The ACCC identified 53 Mobil sites which, if acquired by Caltex, would be likely to result in a substantial lessening of competition in the retail markets for the supply of petrol, diesel or automotive LPG.
"The acquisition of these sites by Caltex would be likely to lead to reduced retail competition resulting in higher fuel prices for consumers," Mr Samuel said.
In forming this view, the ACCC conducted extensive analysis of competition in local retail markets, including considering the presence of competitors, traffic flows, road structure and analysis of other geographic features as well as information from the pricing systems of the merger parties.
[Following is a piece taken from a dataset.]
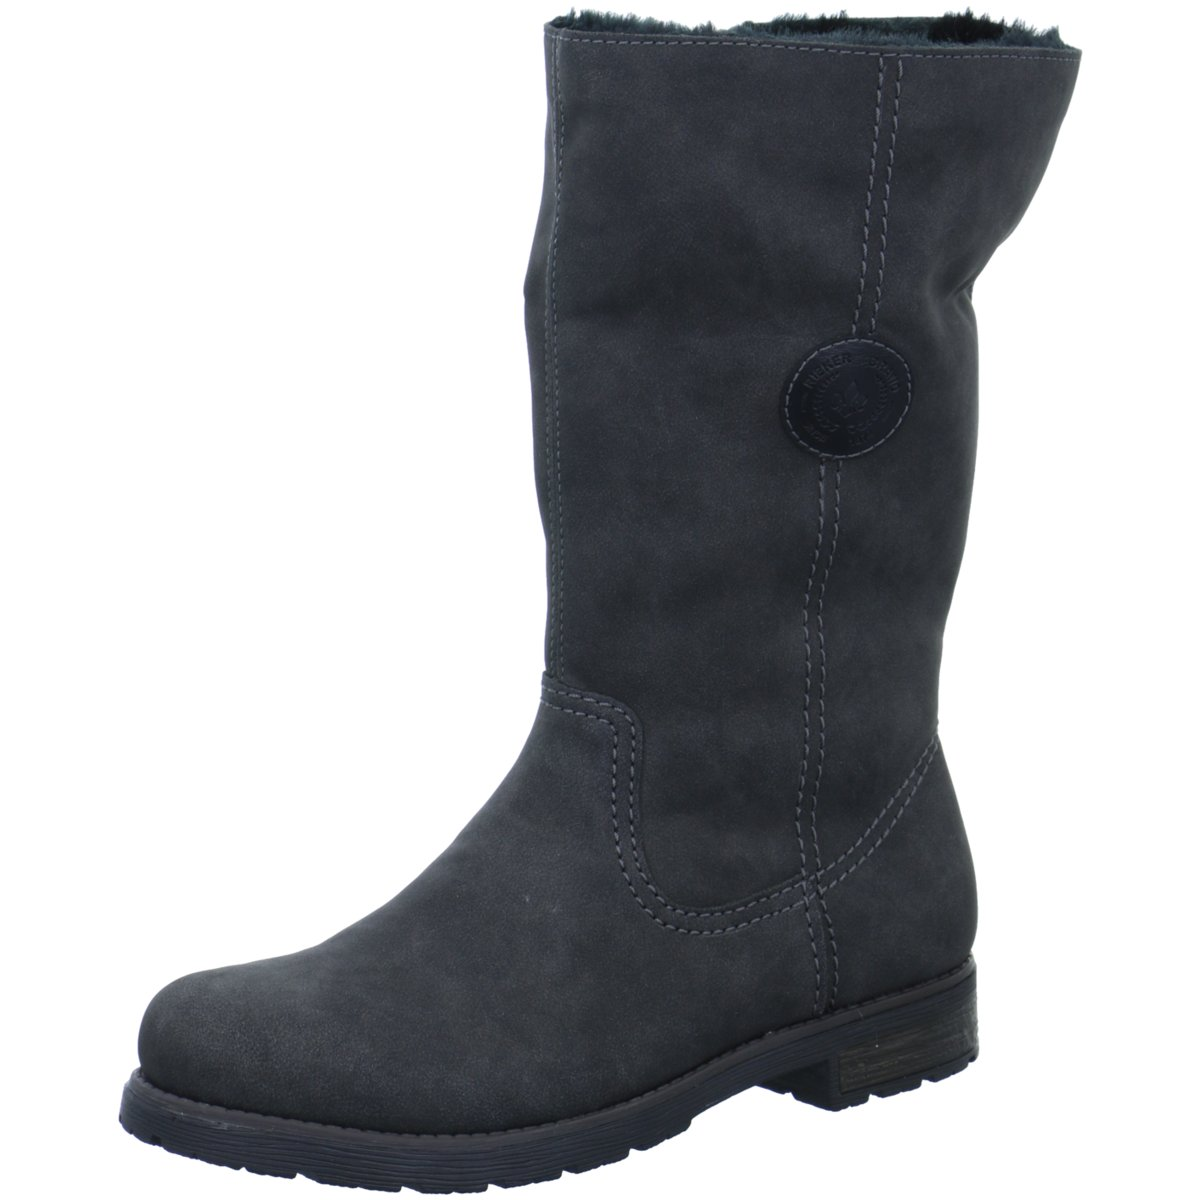 NEU Rieker Damen Stiefel 74490-46 grau 363276

The ACCC also analysed a large number of submissions from consumers, motoring groups and retail competitors.
The ACCC also concluded that it was likely the proposed acquisition would increase the effectiveness of current market practices which act to limit competition in petrol retailing.
"The proposed acquisition would give Caltex a significant share of retail sites in Brisbane, Sydney, Melbourne and Adelaide. As one of the leaders of the weekly price cycle in these cities, this increase in Caltex’s presence would increase the likelihood of stable price increases particularly compared to a situation where some or all of the sites are acquired by more maverick or aggressive retailers," Mr Samuel said.
"The ACCC’s investigation had regard to the coordinated behaviour associated with the jump in fuel prices as part of the weekly price cycle in several of the Australian capital cities. The ACCC considers that this coordination is facilitated through the frequent exchange of pricing information between competitors via the Informed Sources Oil Pricewatch System.
"While the enhancement of coordinated conduct resulting from the proposed acquisition is likely to substantially lessen competition in contravention of section 50 of the Trade Practices Act, the ACCC is concerned that the Act does not appear to adequately cover facilitating practices which enables such coordinated conduct," he added.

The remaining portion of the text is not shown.